Bisher hat sich gezeigt, dass die DMSO-Vorbehandlung die Differenzierungsfähigkeit zu allen drei Keimschichten in über 30 kontroll- und krankheitsspezifischen menschlichen ESC- und iPSC-Zelllinien^3,5 sowie die Differenzierung von Stammzellen und anderen Zelllinien zu einer Vielzahl anderer ausgereifter Zelltypen in nachfolgenden Studien^{10,11,12,13,14,15,16, 17 , 18 , 19 , 20 , 21 , 22 , 23 , 24 , 25 , 26 , 27 , 28} (Tabelle 1). Darüber hinaus hat sich gezeigt, dass die DMSO-Behandlung wirksam ist, um die Differenzierung der nichtmenschlichen Primärzellen^21,23 (z.
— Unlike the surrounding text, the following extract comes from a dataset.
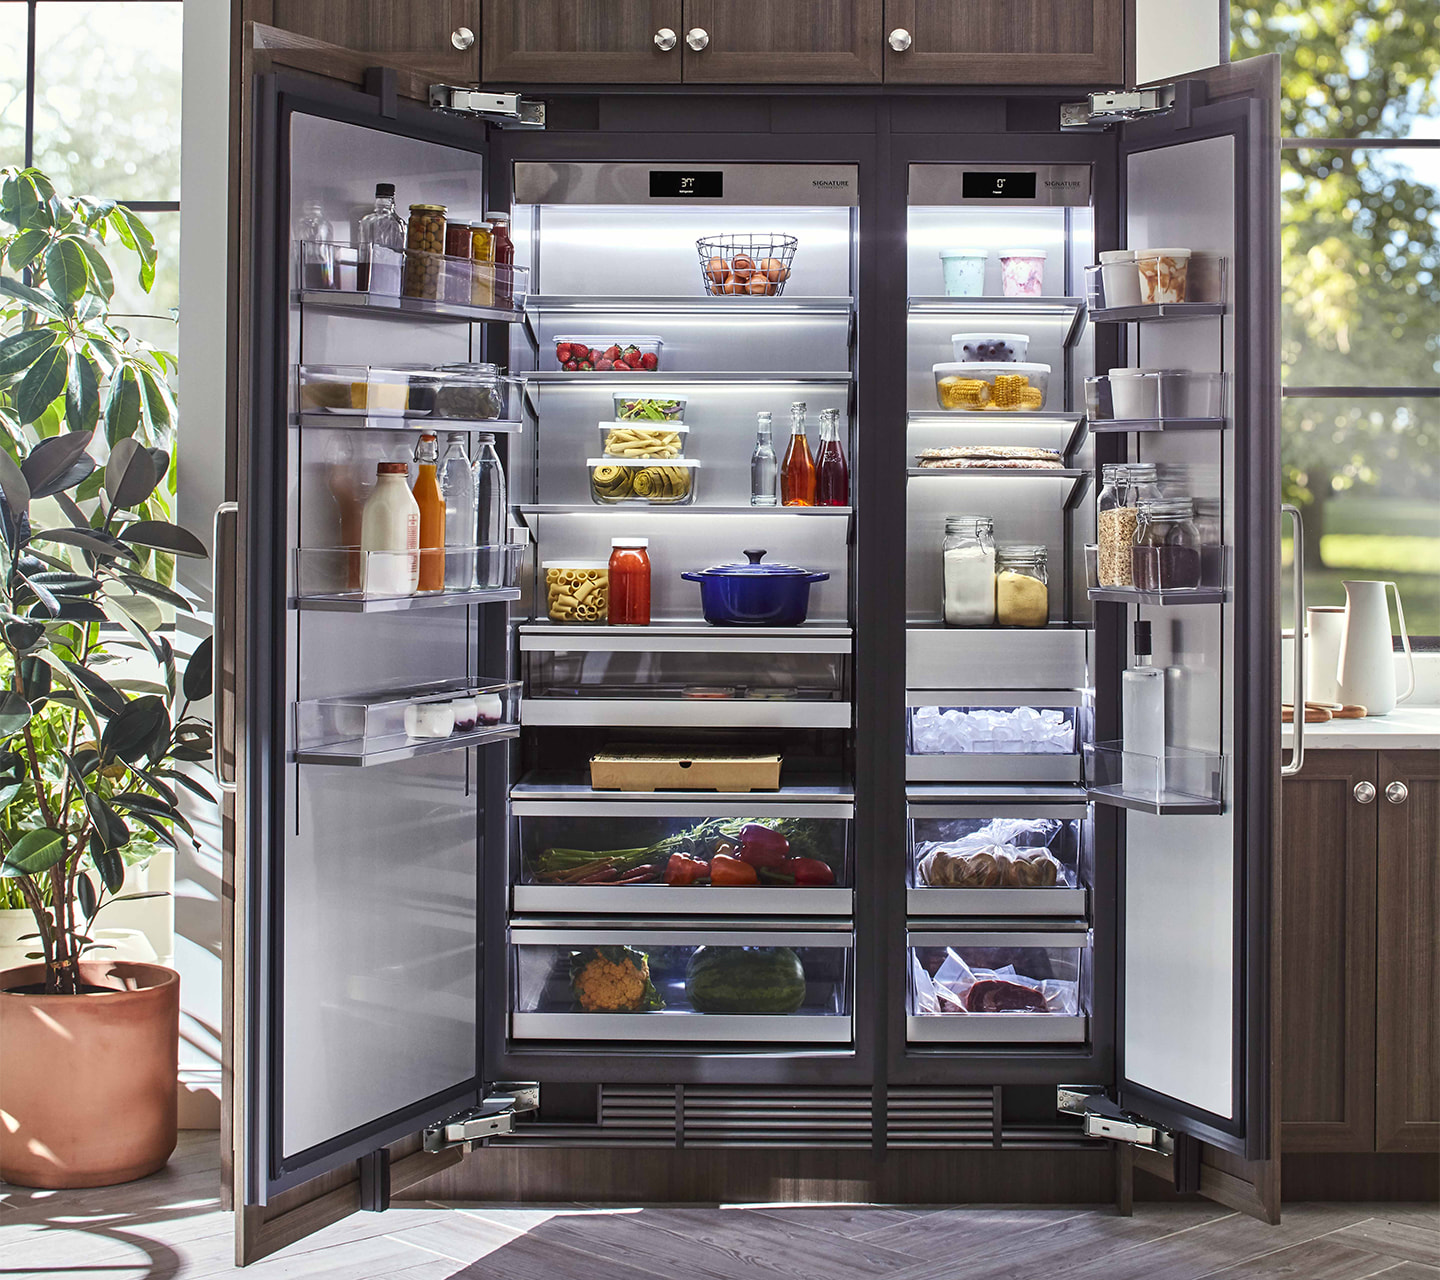 30 Beautiful Refrigerator Design Ideas

B. Maus, Primaten, Kaninchen) zu verbessern, was auf gemeinsame Mechanismen zwischen den Arten hindeutet. Schließlich wurde die DMSO-Vorbehandlung auch auf die Gen-Editing-Technologie ausgedehnt, wobei eine spezielle Studie zeigte, dass die 24-h-DMSO-Vorbehandlung von hESCs/iPSCs die Fähigkeit von Clustered Regularly Interspaced Short Palindromic Repeats (CRISPR) signifikant erhöhte. /CRISPR-assoziiertes Protein-9 (Cas9)-vermittelte Bearbeitungseffizienz von nicht-kodierender DNA ohne unbeabsichtigte Mutationen²⁹. Hier ist eine detaillierte Methodik der DMSO-Vorbehandlung von hESCs und iPSCs für Anwendungen in der Stammzellbiologie und gezielten Differenzierung vorgesehen.

Protokoll

1. Stammzellpflege

HINWEIS: Das unten beschriebene Zellerhaltungsprotokoll gilt für pluipotente Stammzellen (PSCs), die in einer anhaftenden Monoschicht gehalten werden. Medien, andere Reagenzien und Zellkulturplatten, die vor der DMSO-Behandlung verwendet werden, können bei Bedarf angepasst werden. Für alle folgenden Protokolle in diesem Manuskript sollten Zellen unter einem biologischen Sicherheitsschrank behandelt werden.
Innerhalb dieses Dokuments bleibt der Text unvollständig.